Ruth was one of the key movers in defence of Tommy inside the SSP, and her election was a great surprise to her more than anyone. But she struggled with the quadruple burden of being councillor, mother, Glasgow LGBT Centre Coordinator (they refused to allow her to go part- time as agreed before the election) and has caved into careerist pressure.
With Glasgow and South Lanarkshire being Scotland’s only two Labour controlled councils to survive the May 2007 election under PR/STV (most of the other 30 Scottish councils are SNP/Lib Dem coalitions); Purcell (who is an out gay man risen to the top on the back of a mostly very backward crowd of New Labour councillors) has moved to secure his narrow Glasgow City Council majority from a coalition of 22 SNP and 5 Green councillors. Ruth was prominent on all the summer strike picket lines in Glasgow but has been awol during most of the 7 week long daycare workers strike – when she was negotiating with Purcell.
It may be that Solidarity can make a complaint to the Election Commission to call a by-election since I believe she is the first councillor to defect under the new PR/STV electoral system.
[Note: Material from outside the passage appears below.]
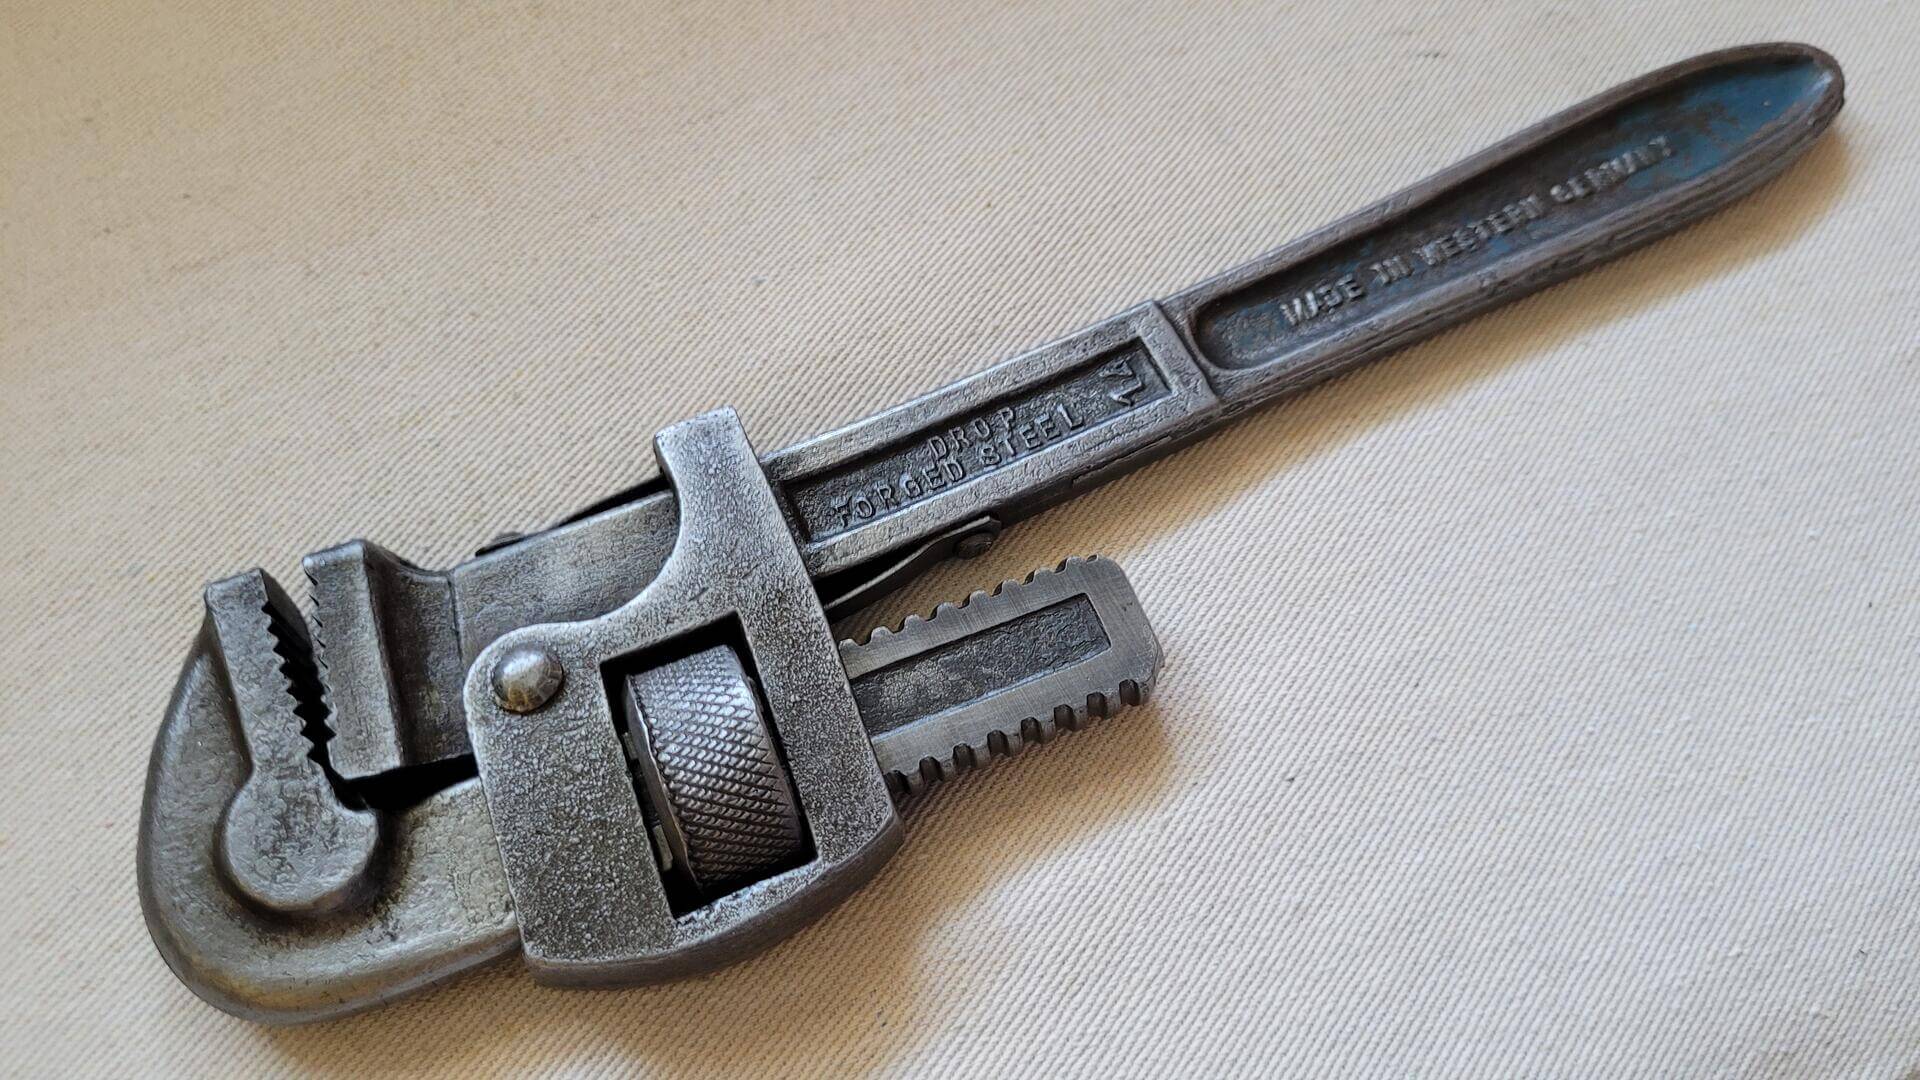 Vintage Adjustable Plumbers Pipe Wrench 14 Inches Western Germany - Antique MCM collectible drop forged steel plumbing hand tools
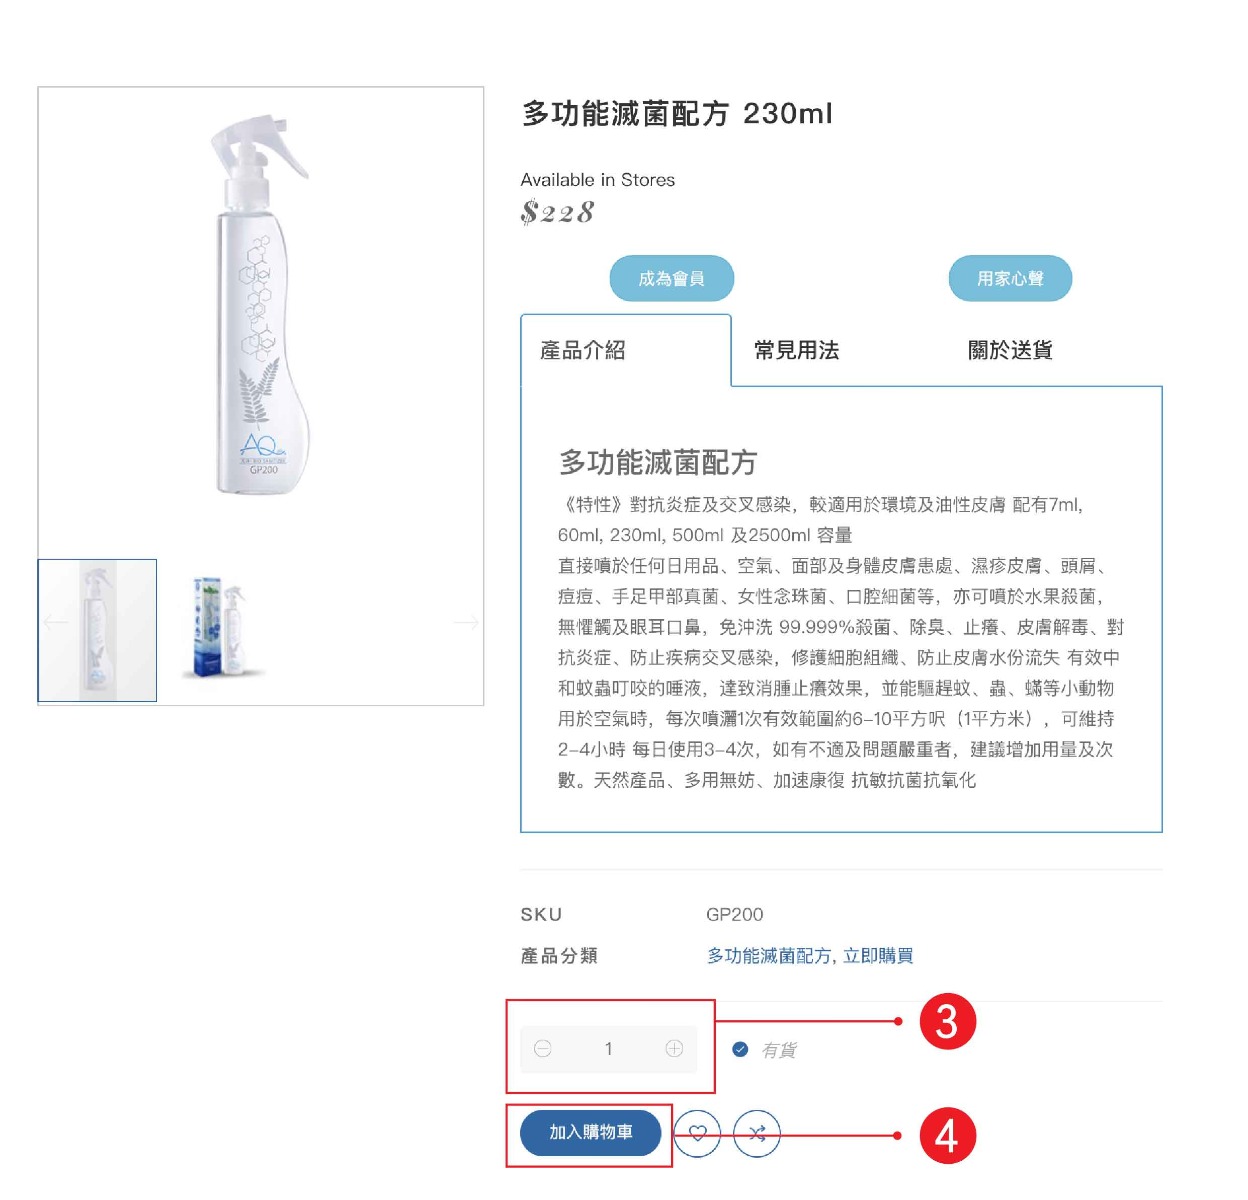 Shopping tutorial, AQ Bio disinfection and sterilization spray, sterilizes up to 99.9999%, fights eczema, acne, skin sensitivity, candida, nasal allergies, sore throat, helps skin repair cells, and produces antibacterial properties

But clearly this is more than a setback but a hammer blow to Solidarity. It also is a setback for the Left in Britain but we have only ourselves to blame. It is also a hammer blow for the concept of the broad, socialist multi-platform party of the electoral variety. This model is finished in the short term in Britain.
The far left keeps kidding itself and others that they are reaching out and being broadminded when in fact they act as narrow-minded and control-freakish as ever. The left as it is currently
organised is incapable of keeping the unity they all call for or of acting in a revolutionary humanist way of tolerating difference of perspective and viewpoint.
Those who agree with our basic socialist principles are numerous in Scottish society but we know 70% of far left voters switched to the SNP in May 2007 to get rid of New Labour. To win back their confidence, we have to have leaders who can trusted and are accountable, independently minded rank and file activists and satisfy the democracy test.
What I read of what the SWP internal conference document posted here matches what I know to be the case from working with Glasgow SWP members. The written words match what has been said to me in terms of Solidarity not making the breakthrough, not having serious orientation to the movements, and not being essentially different from the old party despite all the talk of “new-ness”.
The SWP find the CWI’s presence and over-sized influence inside the party intolerable, as I do, which is mainly why I resigned from Solidarity at the Conference on November 11th. The
CWI’s pro-racist, pro-imperialist and Islamophobic positions on immigration border controls, Mohammed Atif Siddique, Israel/Palestine, caused great offence to me and many other comrades. I’m told that despite us all being called “apologists for terrorism” in Iraq by CWI members at Solidarity Conference, sweetness and light still prevails within the party’s NSG. Solidarity at least had the virtue of a much better atmosphere than the previous organisation, at least until real policy- making differences were raised.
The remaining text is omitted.